Et c’est aussi profondément hypocrite : on ne tue pas, mais on sait que la personne est en bout de course. Laisser la personne mourir “naturellement”, c’est aussi laisser le corps se détériorer.

♦ J’ai fait le choix de mourir chez moi, pour pouvoir être malgré tout entourée.

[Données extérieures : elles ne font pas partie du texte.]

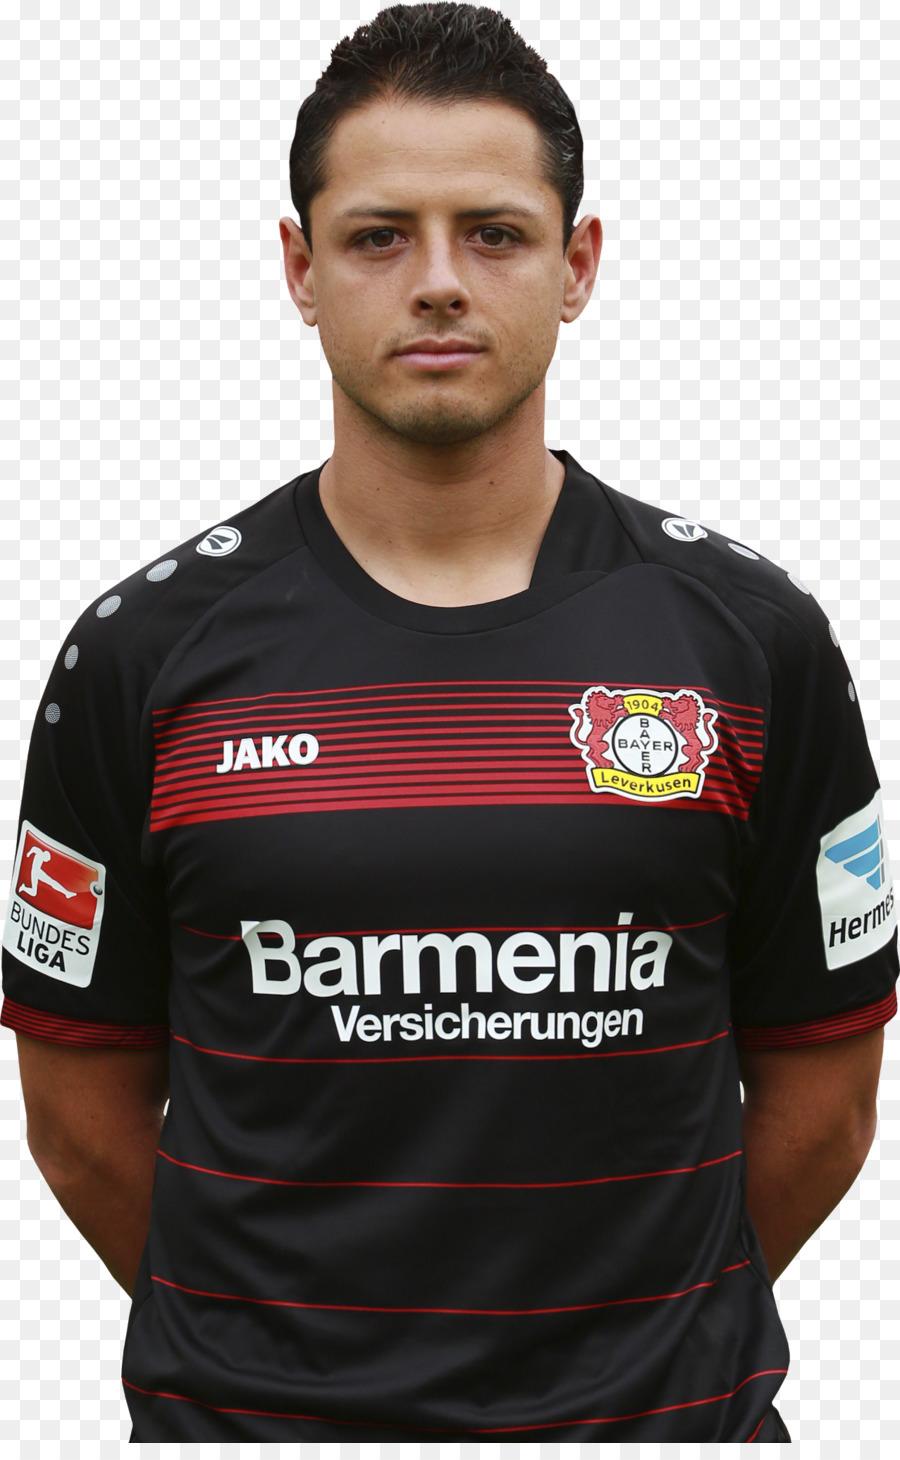 Javier Hernández Bayer 04 Leverkusen Jersey West Ham United F.C. - Javier  hernandez png download - 1277 2048 - Free Transparent Javier Hernández png  ... 7e2aa0d4f

Comme Pauline, à défaut d’avoir un réel choix quant aux traitements, j’aimerais pouvoir choisir quand et comment mourir. J’aimerais pouvoir m’entourer de mes proches pour vivre mes derniers instants, et partir sereinement. La maladie est déjà une source de souffrance quotidienne, donc j’aimerais pouvoir adoucir la toute fin. Aujourd’hui, si je souhaite bénéficier de l’euthanasie, cela a un coût : je dois aller dans les pays voisins (Belgique, Suisse), à mes frais. Mes proches ne pourraient donc pas m’accompagner. Dans la situation actuelle, je fais le choix de mourir chez moi, pour pouvoir être malgré tout entourée.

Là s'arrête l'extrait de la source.